We are seeking a rigorous and highly motivated bioinformatician or computational biologist with a strong background in computer science, statistics, or a related quantitative field, that is interested in developing and applying computational tools and pipelines for analyzing large-scale human genetics and functional genomics data (e.g., whole genome sequencing, epigenetic, and RNA-sequencing data) or other -omics data, with the goal of gaining new biological insights on the causes of complex eye diseases and proposing new prevention and treatment avenues. The ideal candidate should have strong programming skills and experience with large-scale data analysis, such as next-generation sequencing, and be excited to contribute to advancing science and medicine of eye disease.
If interested, please send your CV, a cover letter describing your previous research experience and future research interests, and contact information for 3 references, to Dr. Ayellet Segrè: ayellet_segre [at] meei.harvard.edu
- Develop and run computational pipelines that perform preprocessing and quality control of genomic data (whole genome and exome sequencing, RNA-sequencing), using existing and custom-built tools on a local high-performance computing (HPC) cluster or with cloud computing.

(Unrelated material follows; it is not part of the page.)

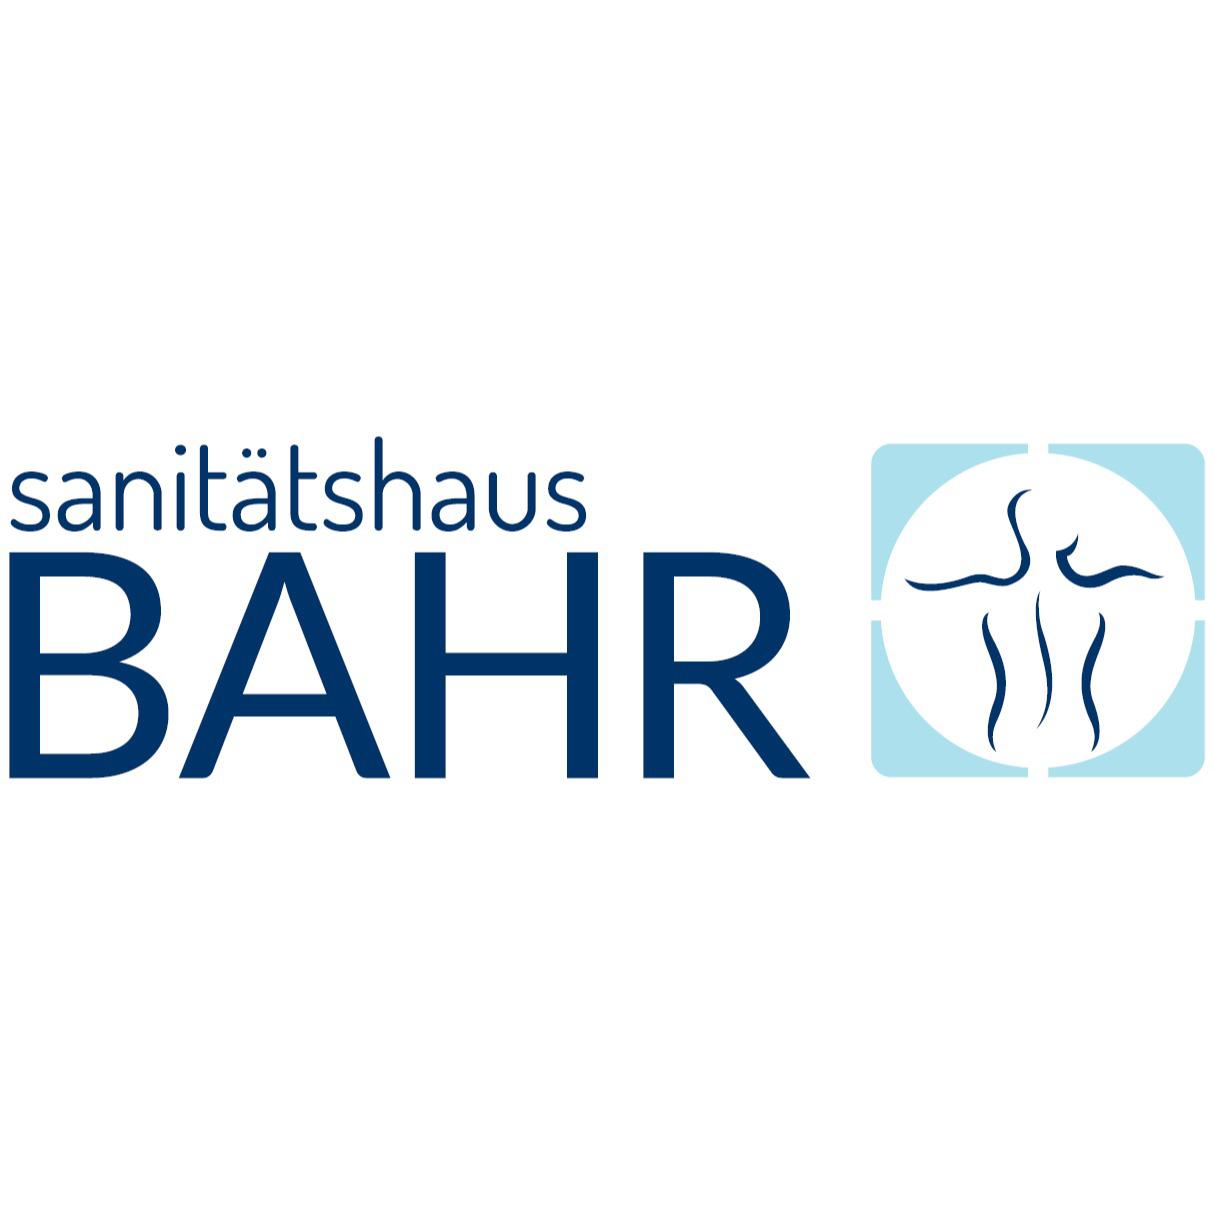 Sanitätshaus BAHR in REWE-Center in Kiel - Logo

- Develop novel bioinformatics software tools or enhance methods developed in our lab that integrate genome-wide association and sequencing studies with expression quantitative trait loci (eQTLs), epigenetic data and RNA-seq data to identify causal regulatory variants and genes for complex eye diseases.
- Develop and maintain a database of biological pathways or functional modules relevant to eye disease, and further develop pathway-based methods for analyzing genome-wide association studies.
- Contribute statistical and computational analyses to research projects, centered on identifying the genetic and biological causes of eye disease in relevant tissues or cell types.
- Create tools for visualizing and interpreting results.
- Critically review, analyze, and communicate results to our team and collaborators.
- Support ongoing projects, as well as work on independent projects, and contribute to publications.